Two exhibitions organized by students enrolled in UNL’s “The Body in Modern and Contemporary Art” class open Nov. 8 in the Eisentrager•Howard Gallery in Richards Hall. The class is led by Marissa Vigneault, assistant professor of practice.
Both exhibits — ”A Body Responds to a Body” and “The (multi) Pliable Body” — are open through Nov. 22. An opening reception is 5 to 7 p.m. Nov. 8 in the gallery.
“A Body Responds to a Body” includes work by current UNL Master of Fine Arts students created in response to paintings currently on display in the Sheldon Museum of Art’s permanent collection gallery.
The artists, working in a variety of media including painting, ceramics, photography and printmaking, each chose one work from the Sheldon. Current Master of Arts students in art history and English wrote accompanying text elaborating on the connections between the pieces.
Paintings featured include Edward Hopper’s “Room in New York” and Mark Rothko’s “Yellow Band.”
The exhibit includes work by students Alexandra Alberda, Avi Arenfeld, Amanda Breitbach, Patricia Davis, Meryl Engler, Keith Graham, Chadric Harms, Allen Morris, Liana Owad, Erin Schoenbeck, Adrienne Smart, Kelly Stading, Hiromi Stephens, Joyce Taylor and Gabe Valdez. The writings are by Sade’ Ayorinde, Britiany Dougherty, Eric Himmelberger, Edwardo Rios and Paula Rotschafer.
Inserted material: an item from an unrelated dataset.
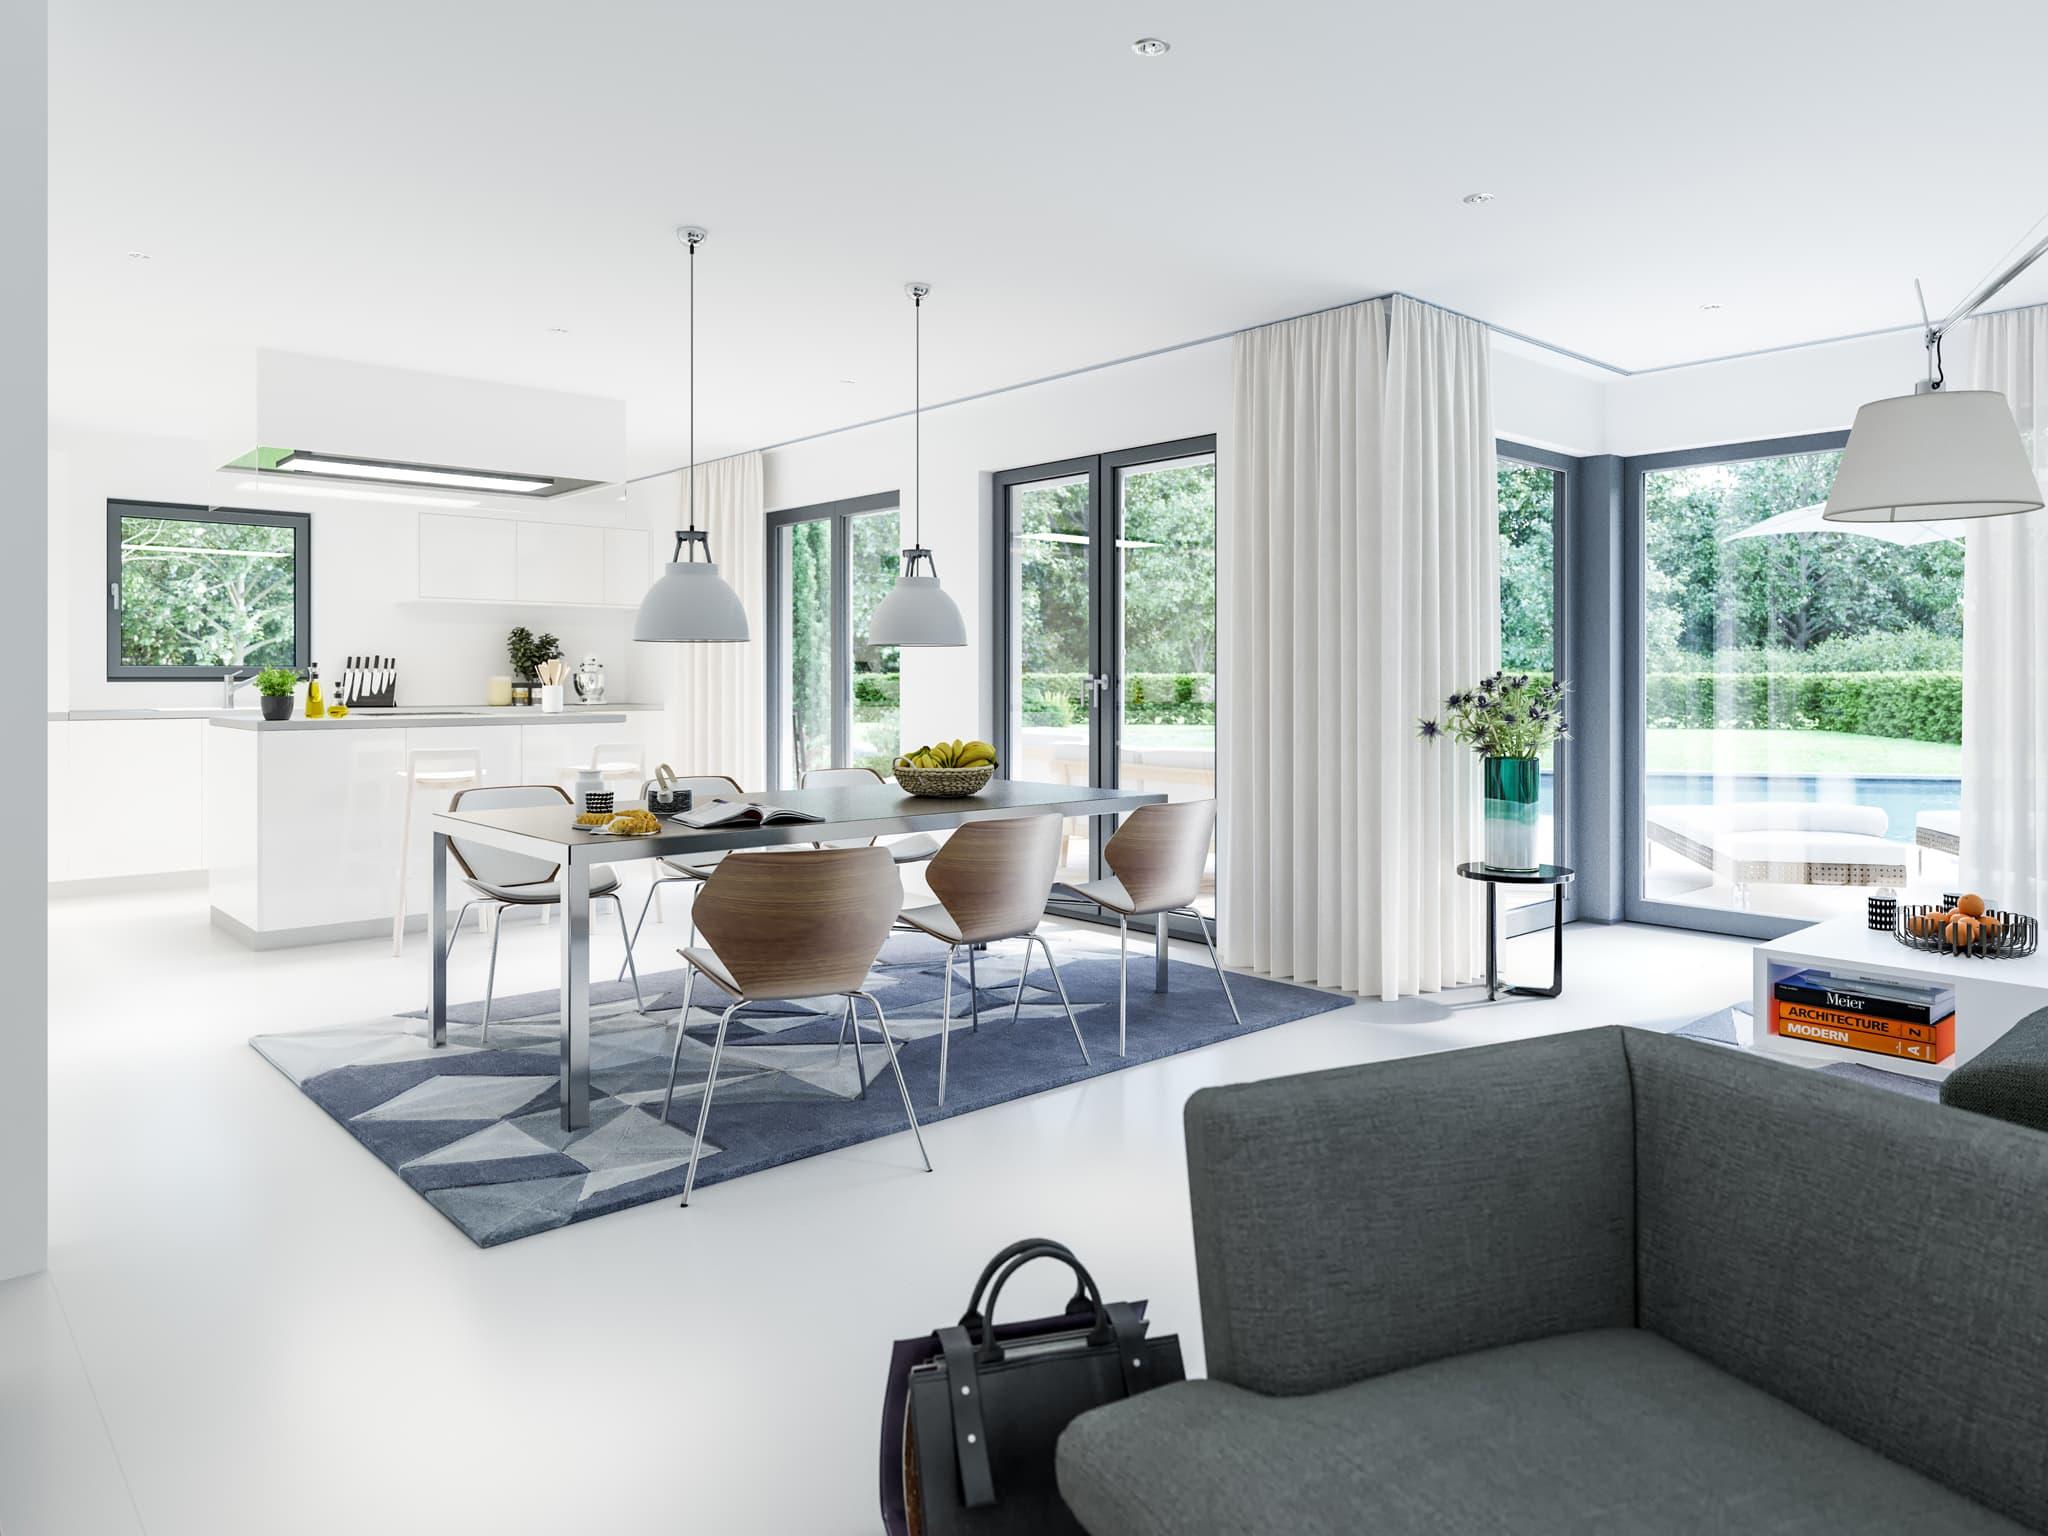 Wohn-Esszimmer mit Küche offen - Ideen Stadtvilla Inneneinrichtung modern Fertighaus Living Haus SUNSHINE 143 V6 - HausbauDirekt.de

The second exhibition, “The (multi) Pliable Body,” features recent and new work by UNL Master of Fine Arts alumnae Victoria Hoyt, Emma Nishimura and Ying Zhu.
Each artist, while vastly different in their approach, is united through reference to the pliable nature of the body, both physically and psychologically.
Hoyt employs acrylic, gouache, watercolor and ink in the creation of her large paintings on paper, which suggest the subversive and transformative efforts of the body. Nishimura’s installation Vestige includes 13 diaphanous paper garments suspended from the ceiling, echoing the forms of bodies that were once there and now can’t quite be remembered. Zhu’s Sad People Dance Too incorporates fabric, thread and a mirror, inviting the viewer to move their body around the piece while catching a glimpse of their own fragmented self in reflective surface.
The exhibition includes essays on the work by art history students Jeri Dobos, Jacqueline Spackman and Archana Verma.
The Eisentrager•Howard Gallery is located on the first floor of Richards Hall. Gallery hours are 12:30 to 4:30 p.m. weekdays. Admission is free and open to the public.